* Recorded information
== Segment start ==

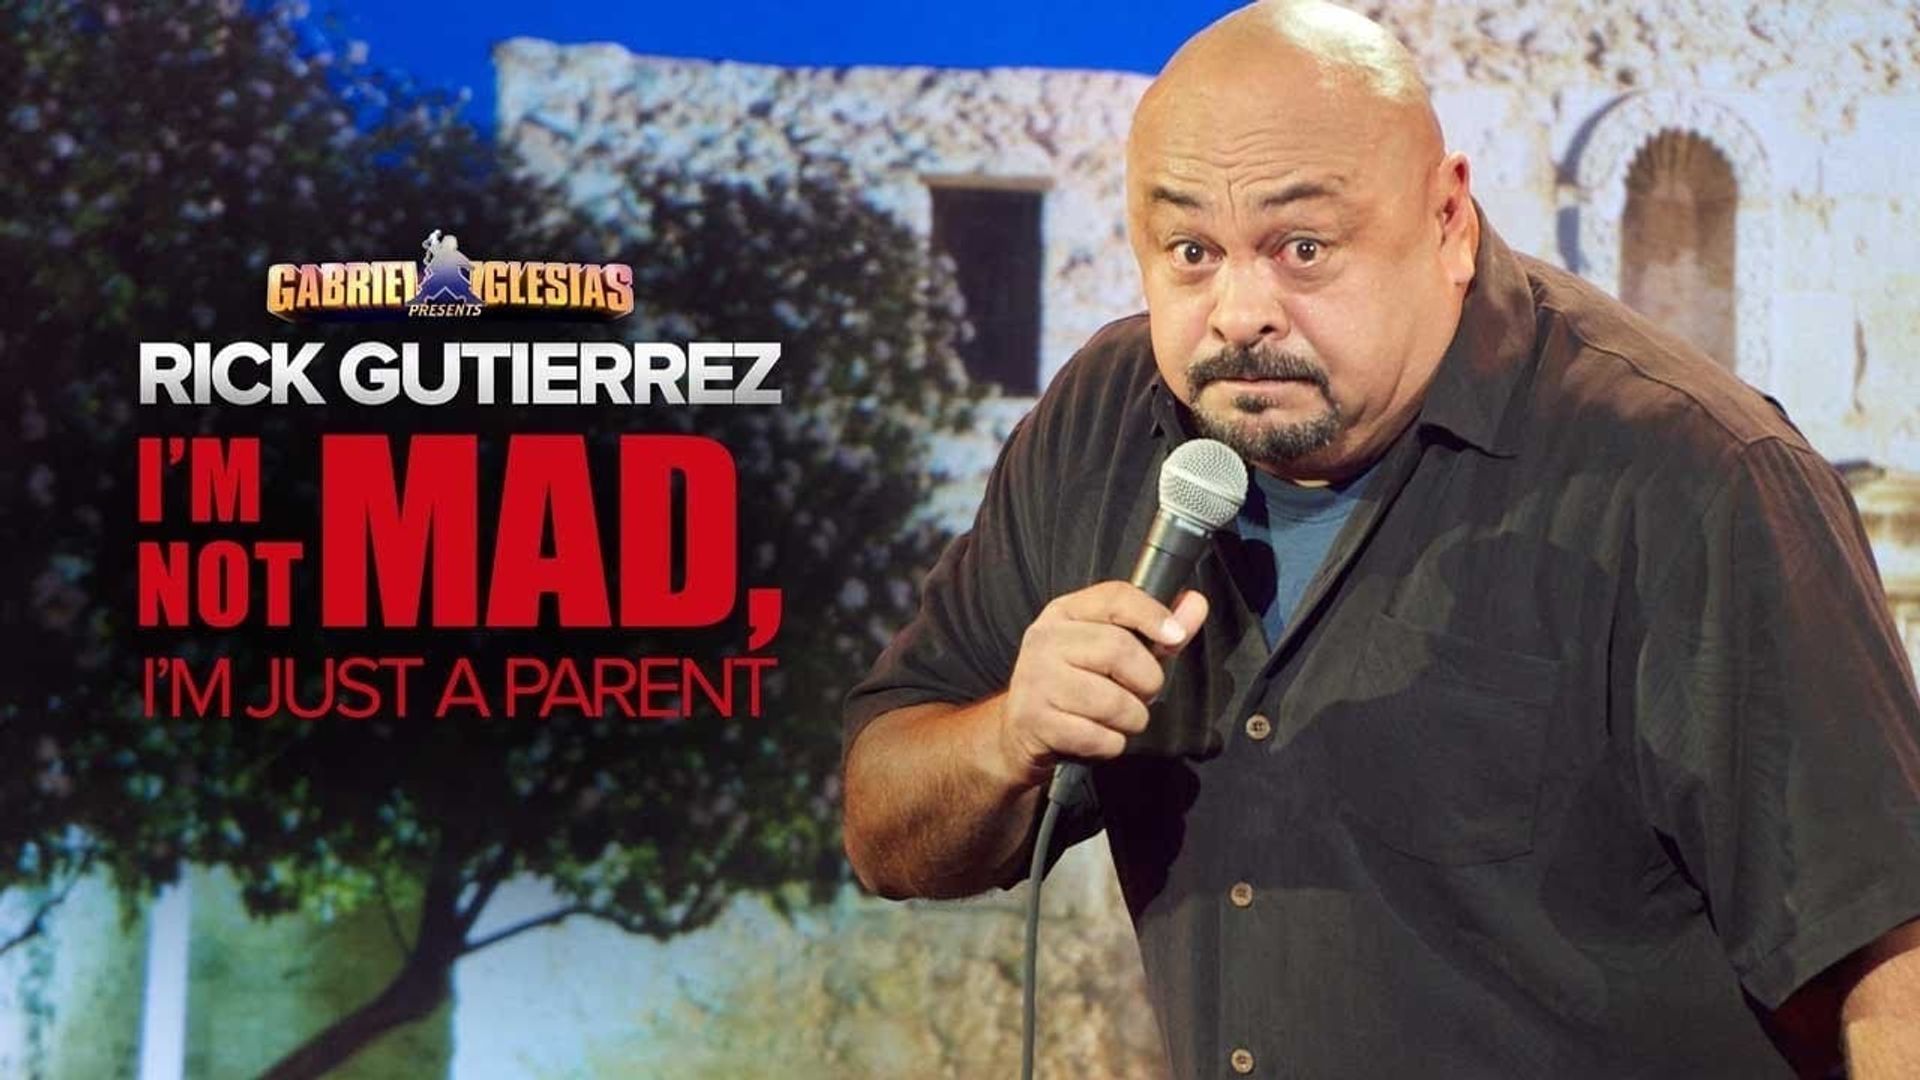 Gabriel Iglesias Presents Rick Gutierrez: I'm Not Mad. I'm Just a Parent. background
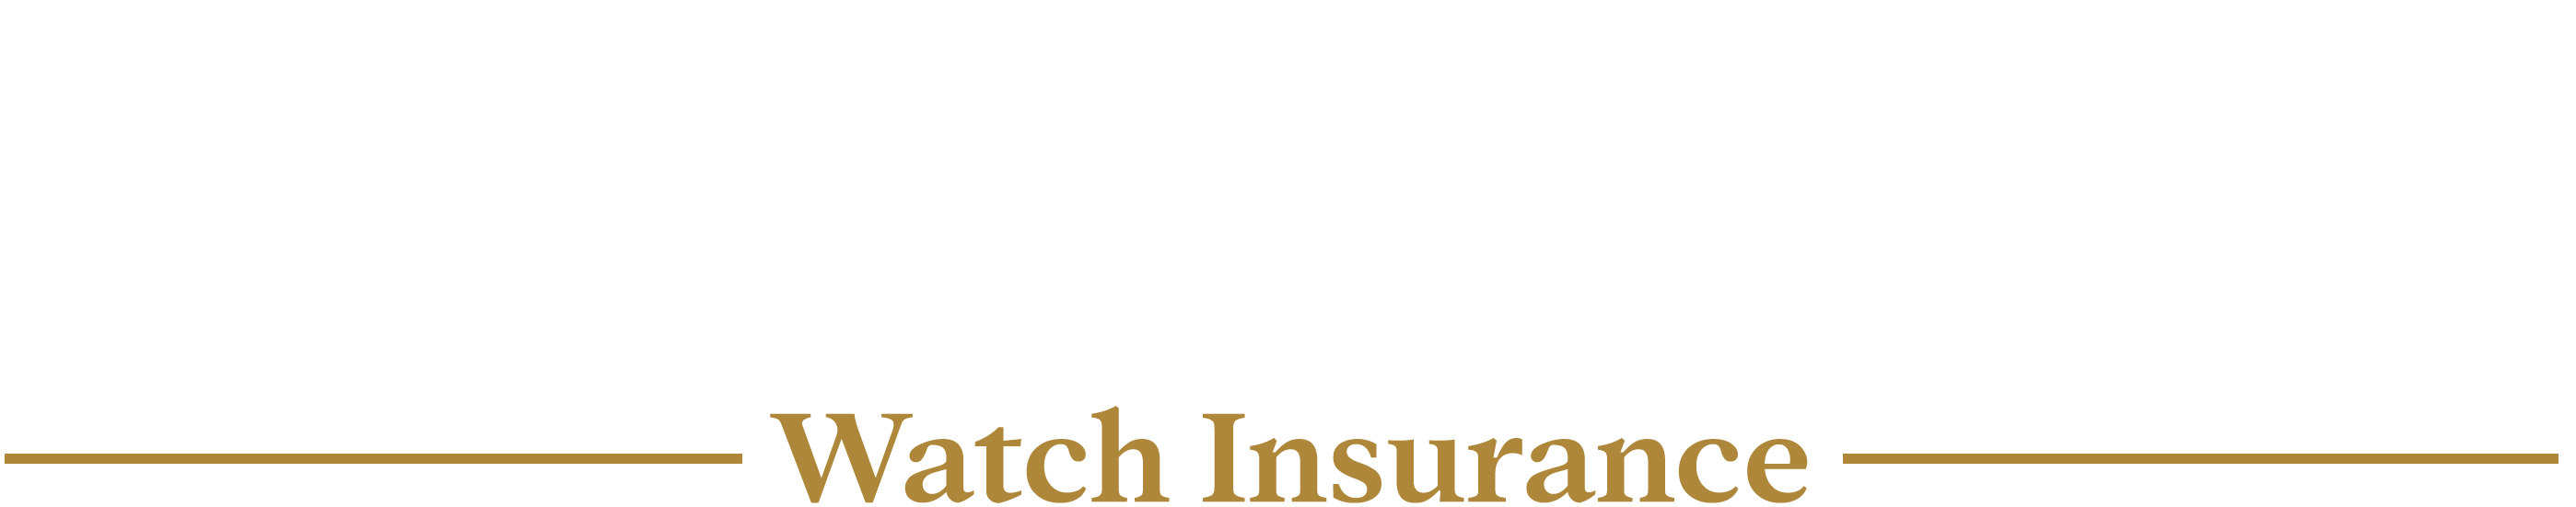 WonderCare Watch Insurance
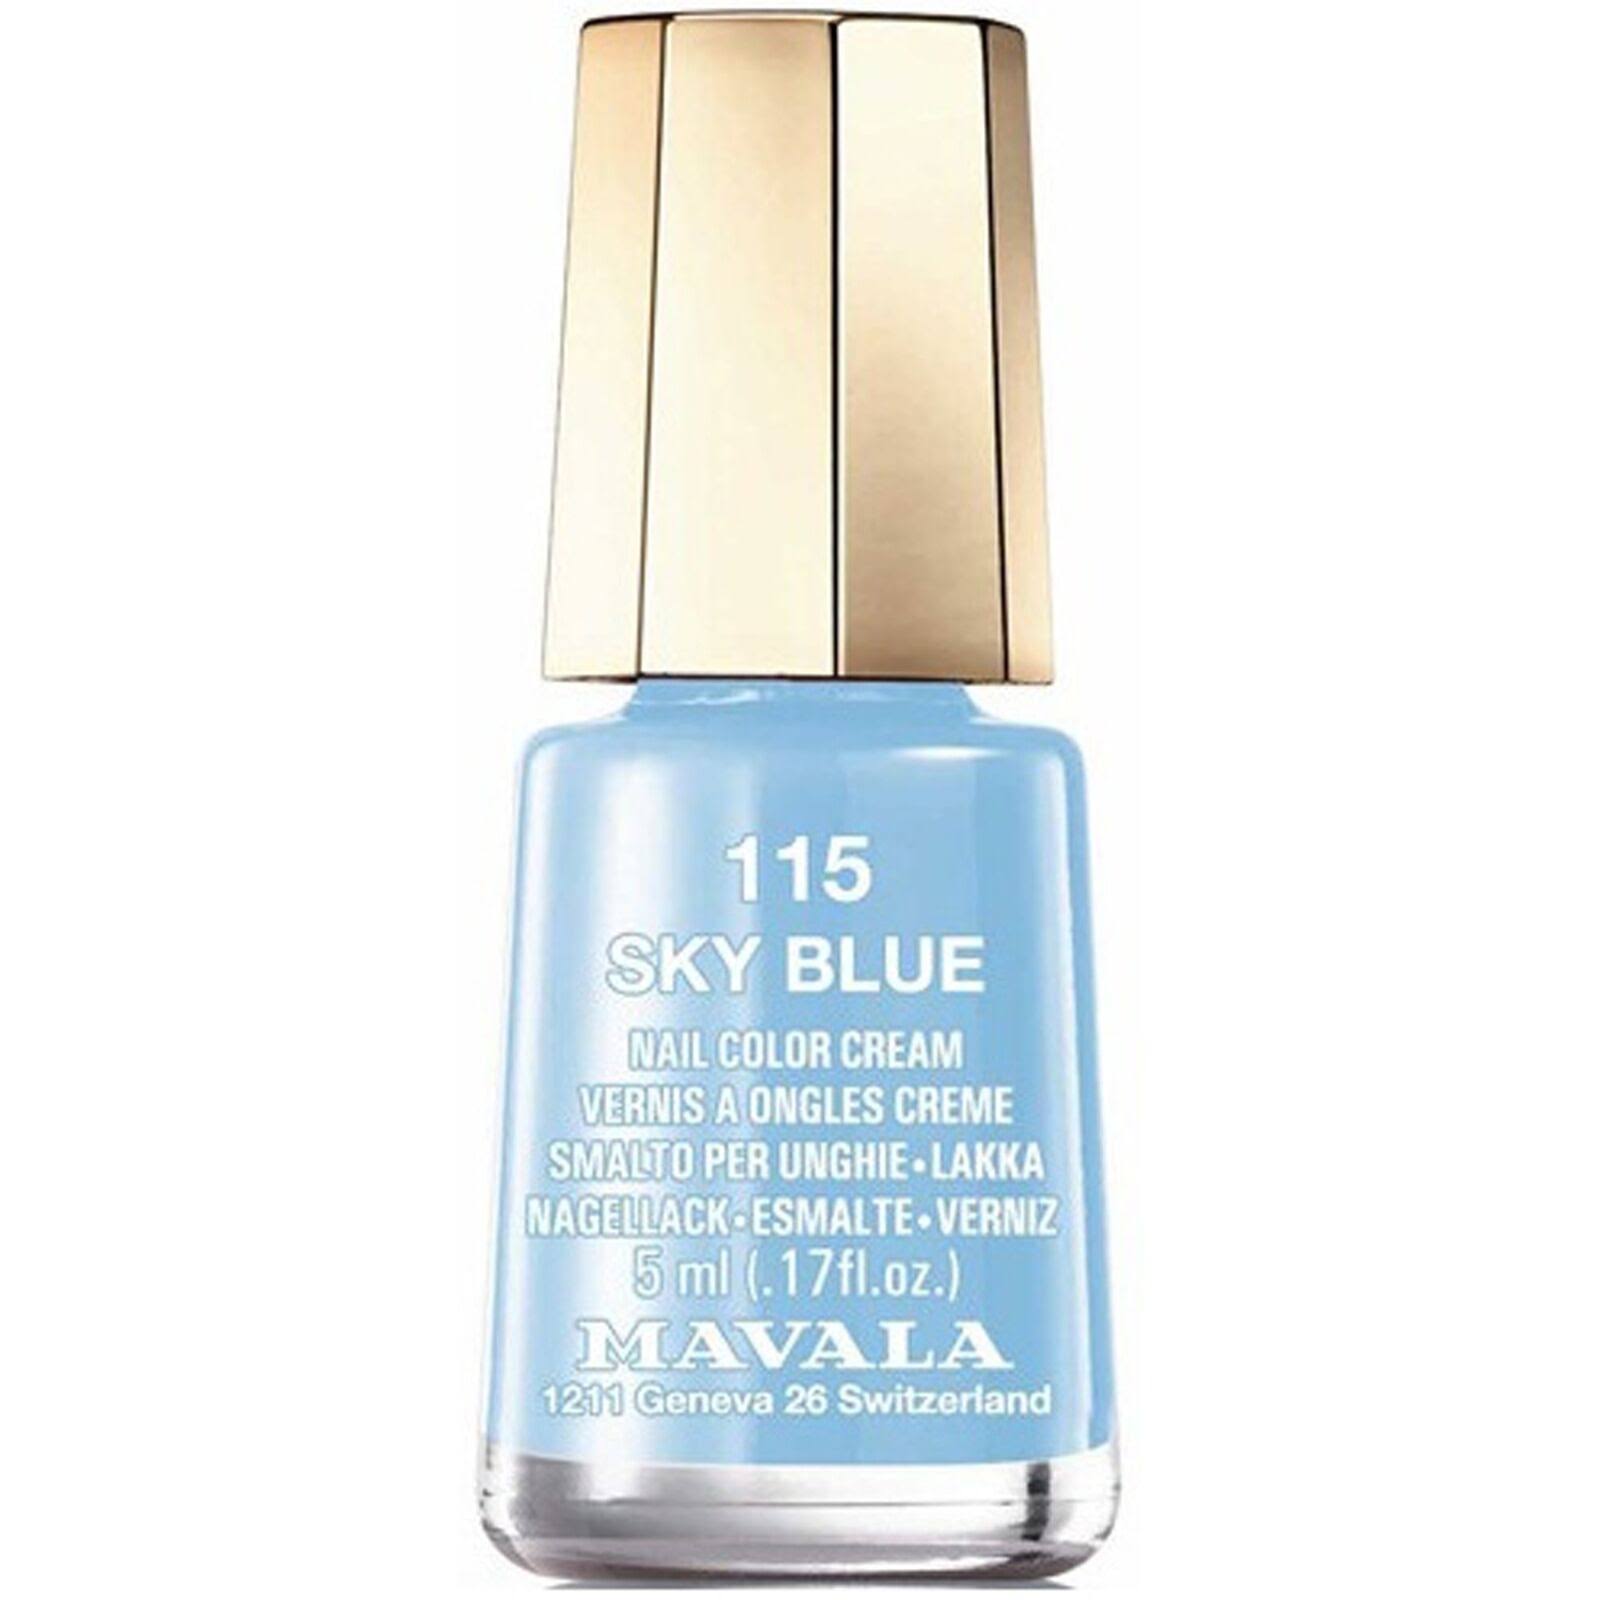 Mavala Nail Color Cream - 115 Sky Blue, 5ml

== Segment end ==

* Problem statement
Return the material exactly as given, apart from the pictures.

* Result for this task
 Gabriel Iglesias Presents Rick Gutierrez: I'm Not Mad. I'm Just a Parent. background
 WonderCare Watch Insurance
 Mavala Nail Color Cream - 115 Sky Blue, 5ml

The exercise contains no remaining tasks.